I hoped that this new technique (started in 10.5, I think it started with 10.6) was the reason why openGL performance in 10.6 was inferior to 10.5, and that it become to be more mature now with 10.6.3 around the corner.

But everybody deeply involved with Apple OpenGL code on Torque seems to be very disgusted and discouraged.

My second hope now, is that openGL ES progress on the iPhone front (the only important front for Apple nowadays) will bring back improvement to the Mac OSX openGL front later…
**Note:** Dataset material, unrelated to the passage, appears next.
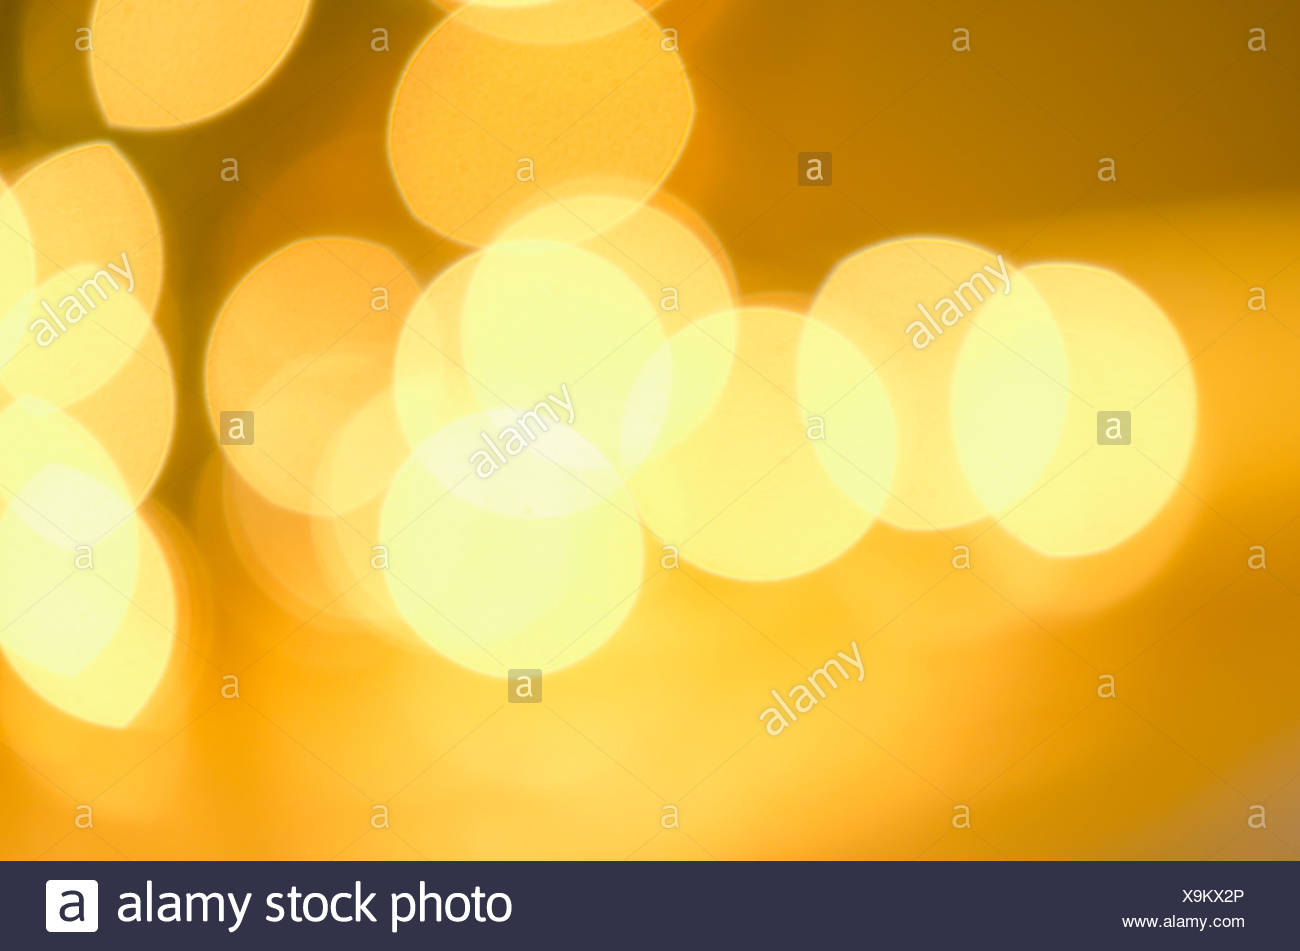 Glowing background, studio shot - Stock Image

Back to Basic Lighting now… :-)

Nicolas Buquet
www.buquet-net.com/cv/
#6
01/13/2010 (11:04 am)
LLVM? Well, this explains (a little part) of the horror that is high-end (as in "using shaders at all") OpenGL development on OSX.
#7
01/13/2010 (1:25 pm)
Apple has been using LLVM in their OpenGL drivers since 10.5.0. LLVM kicks in when 1) The driver must fall back to software rendering, and 2) Generating code to handle vertex buffer formats. Vertex buffer formats are one of the few things I have not had fail on me, and if Torque 3D is falling back to software rendering then clearly something else has gone horribly wrong.
#8
01/13/2010 (1:31 pm)
You need to put a disclaimer on this thread! Think of the children!
#9
01/13/2010 (1:37 pm)
@Alex: I've read some posts from someone in the VMWare team who was (and probably still is) having crashes when the driver decides to compile some vertex shaders to be used in software. The shaders in question belong to Portal.
#10
03/31/2010 (12:06 am)
So, Mac OSX 10.6.3 is out, and openGL 3.0 is still not of the party. It's not 100% supported : www.macgeneration.com/news/voir/149201/rendez-vous-manque-avec-opengl-3.0.

But there seems to give a better (more efficient) openGL experience.

Does Apple need an openGL developer in Cupertino and is ashamed to ask? ;-)

Nicolas Buquet
www.buquet-net.com/cv/
#11
03/31/2010 (8:14 pm)
Valve implied they were advising Apple on GL issues. I think they would be wise to keep listening to them, as they're likely to run into every issue Alex has seen, and then some. With more game companies starting to support OS X we'll see improvements in OpenGL support, I'm sure.
#12
04/01/2010 (6:14 am)
Yeah, Valve will probably make quite some pressure on Apple to get their OpenGL drivers together. If not, expect an announcement of Mac Steam being delayed until 2011 or the Mac Source games running in the OpenGL equivalent of DX7 mode.